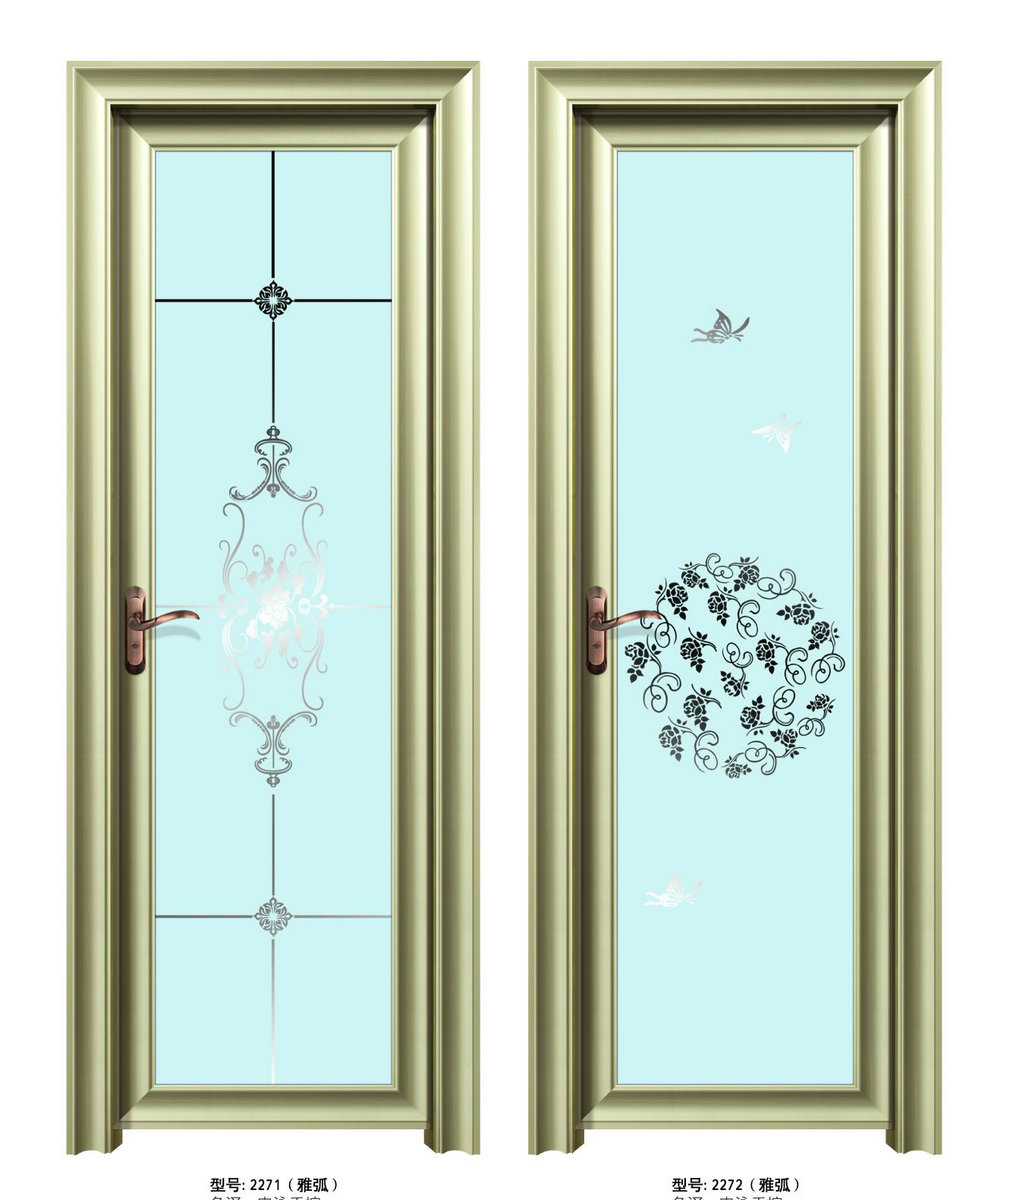 6S series of concave arc swing door design sketch
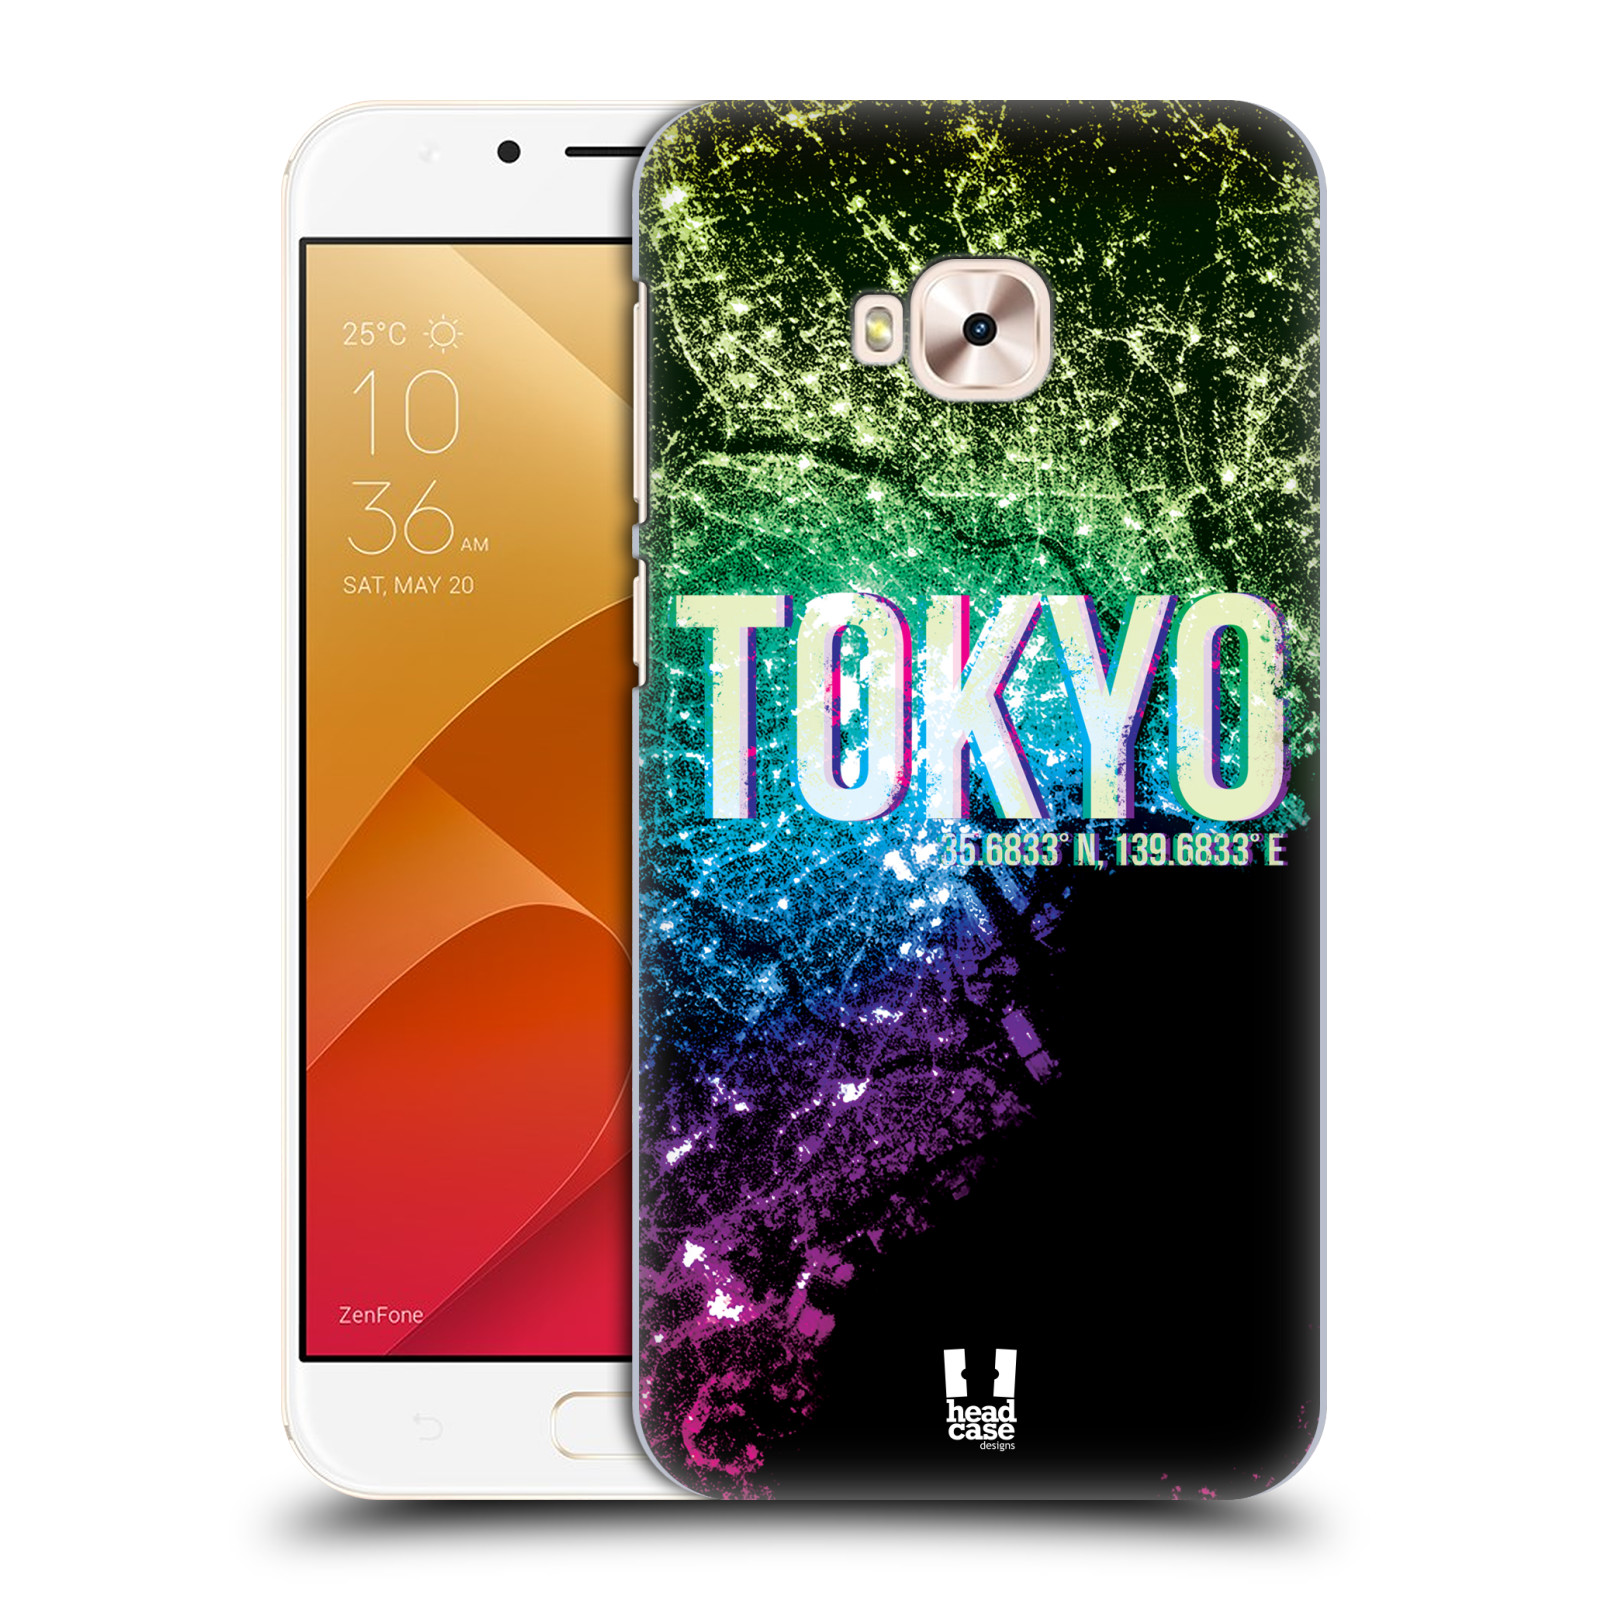 HEAD CASE plastový obal na mobil Asus Zenfone 4 Selfie Pro ZD552KL vzor Světla známých měst, Satelitní snímky zelená a fialová JAPONSKO, TOKYO
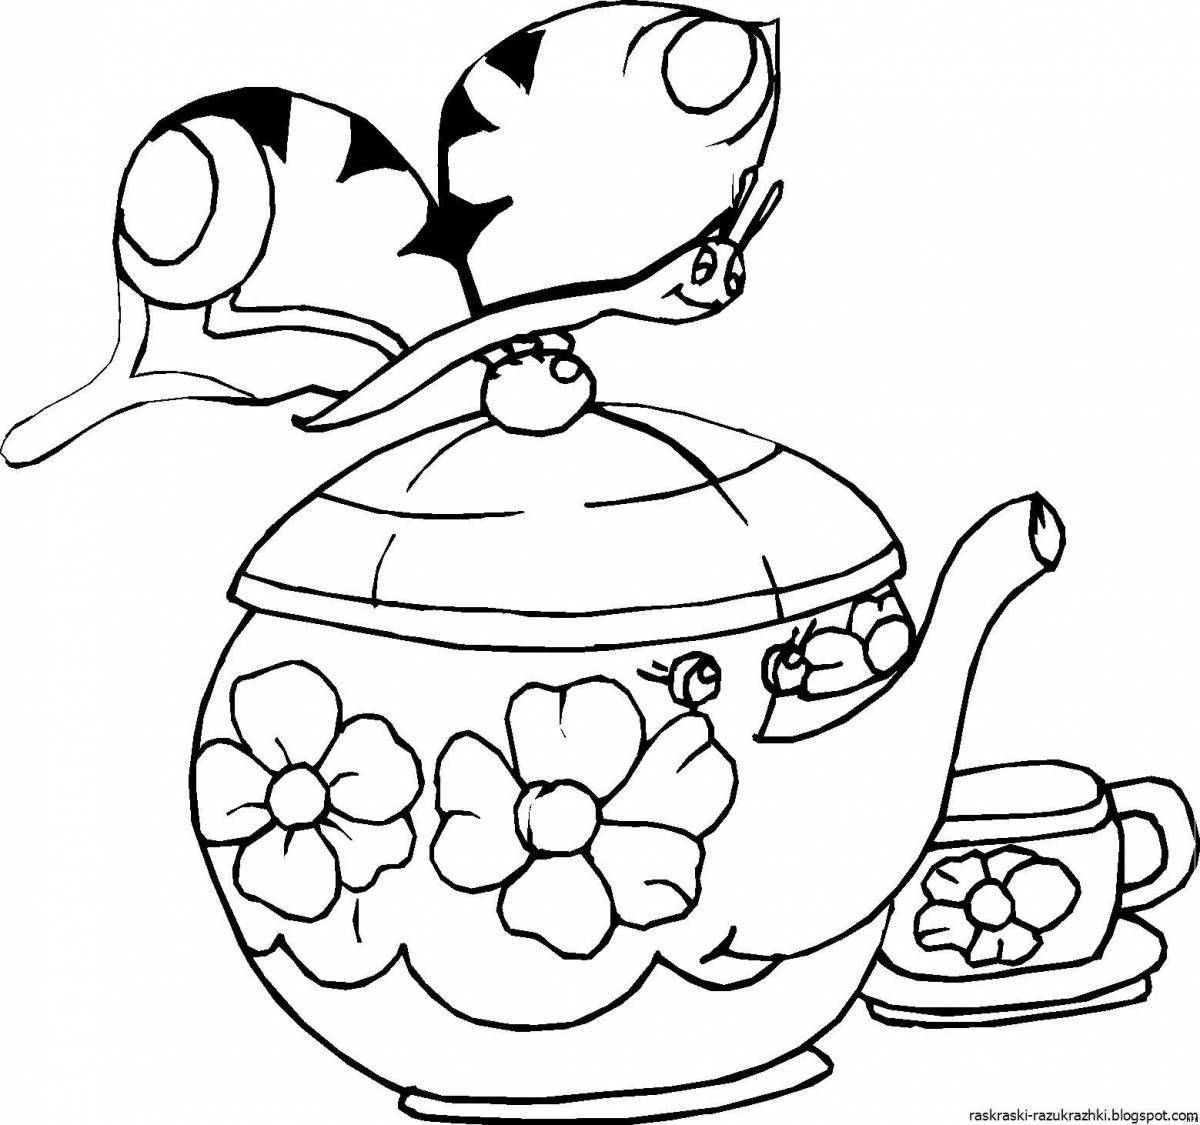 Раскраска очаровательный чайник для малышей 3-4 лет
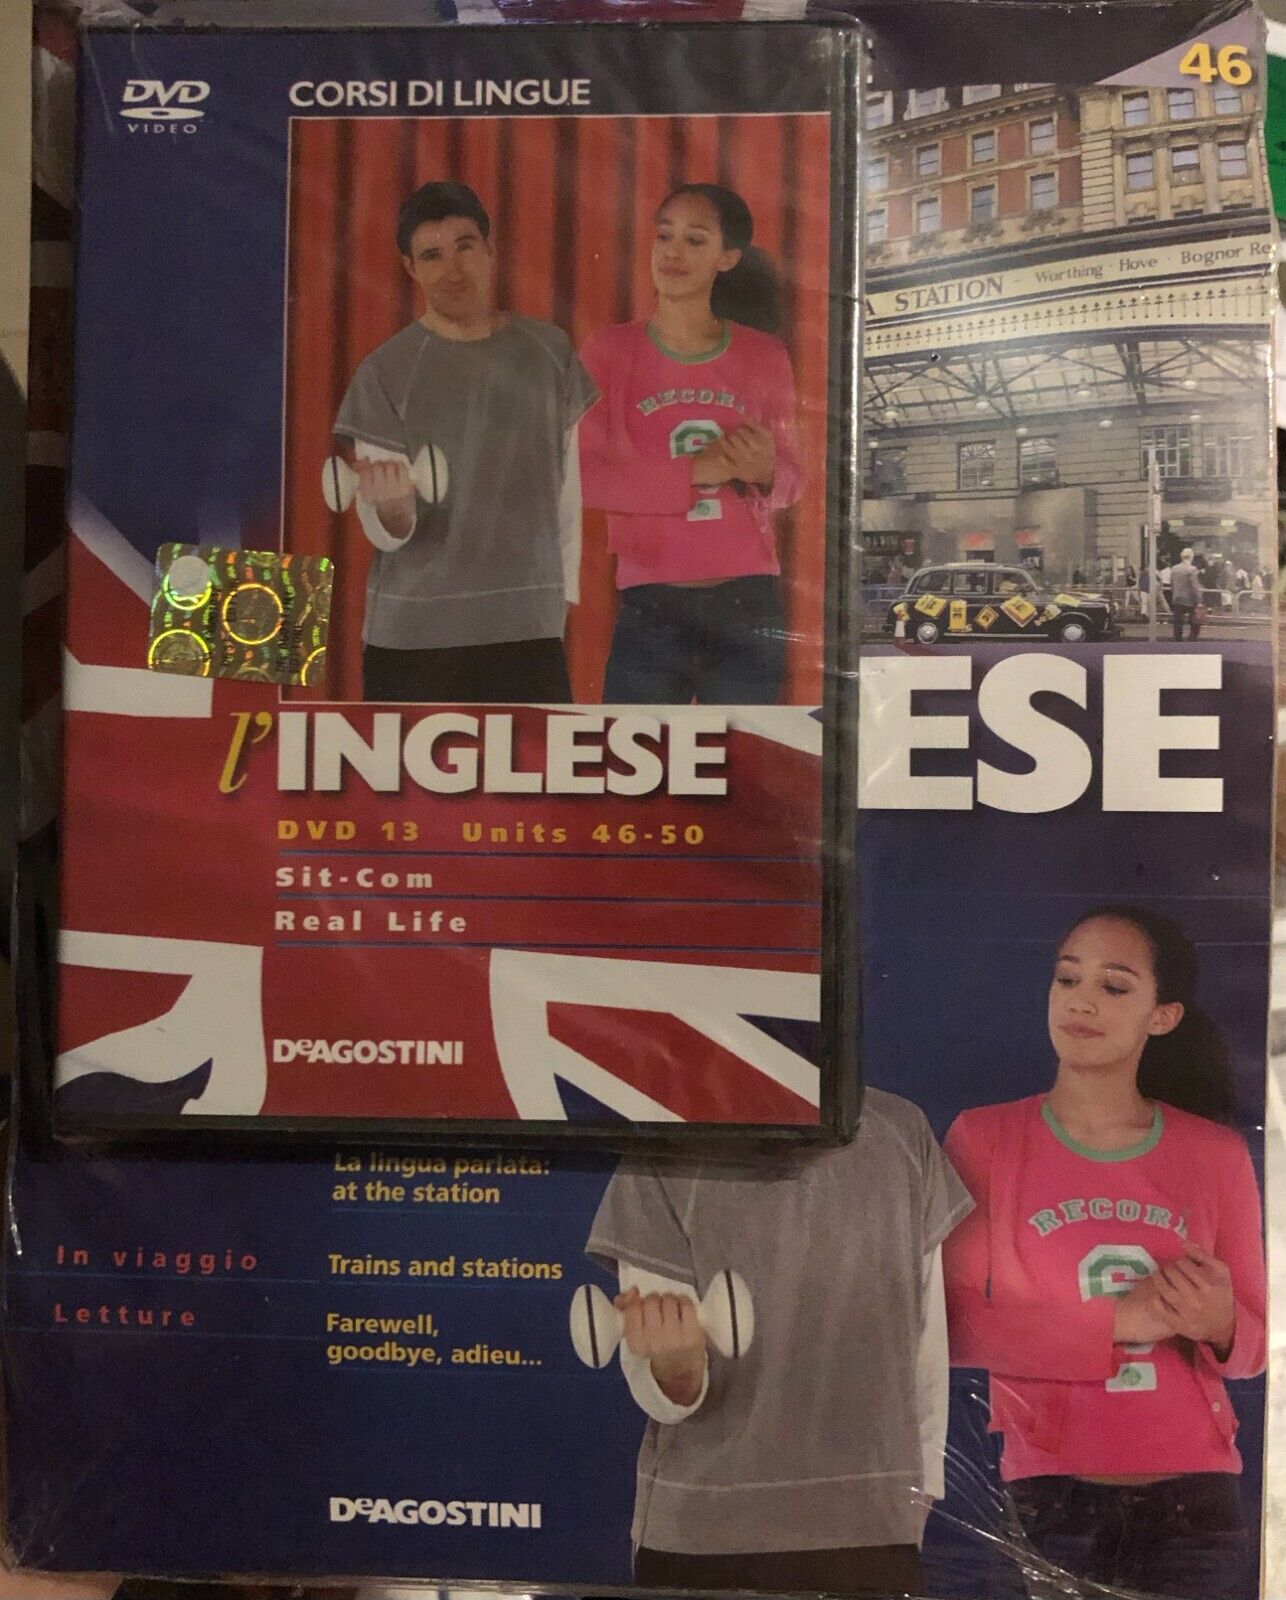 Corsi di lingue L'inglese fascicolo 46+DVD di Aa.vv.,  2008,  Deagostini

# # # #

**The task**
The job is to return the listing above exactly, minus its pictures.

**Task response**
 6S series of concave arc swing door design sketch
 HEAD CASE plastový obal na mobil Asus Zenfone 4 Selfie Pro ZD552KL vzor Světla známých měst, Satelitní snímky zelená a fialová JAPONSKO, TOKYO
 Раскраска очаровательный чайник для малышей 3-4 лет
 Corsi di lingue L'inglese fascicolo 46+DVD di Aa.vv.,  2008,  Deagostini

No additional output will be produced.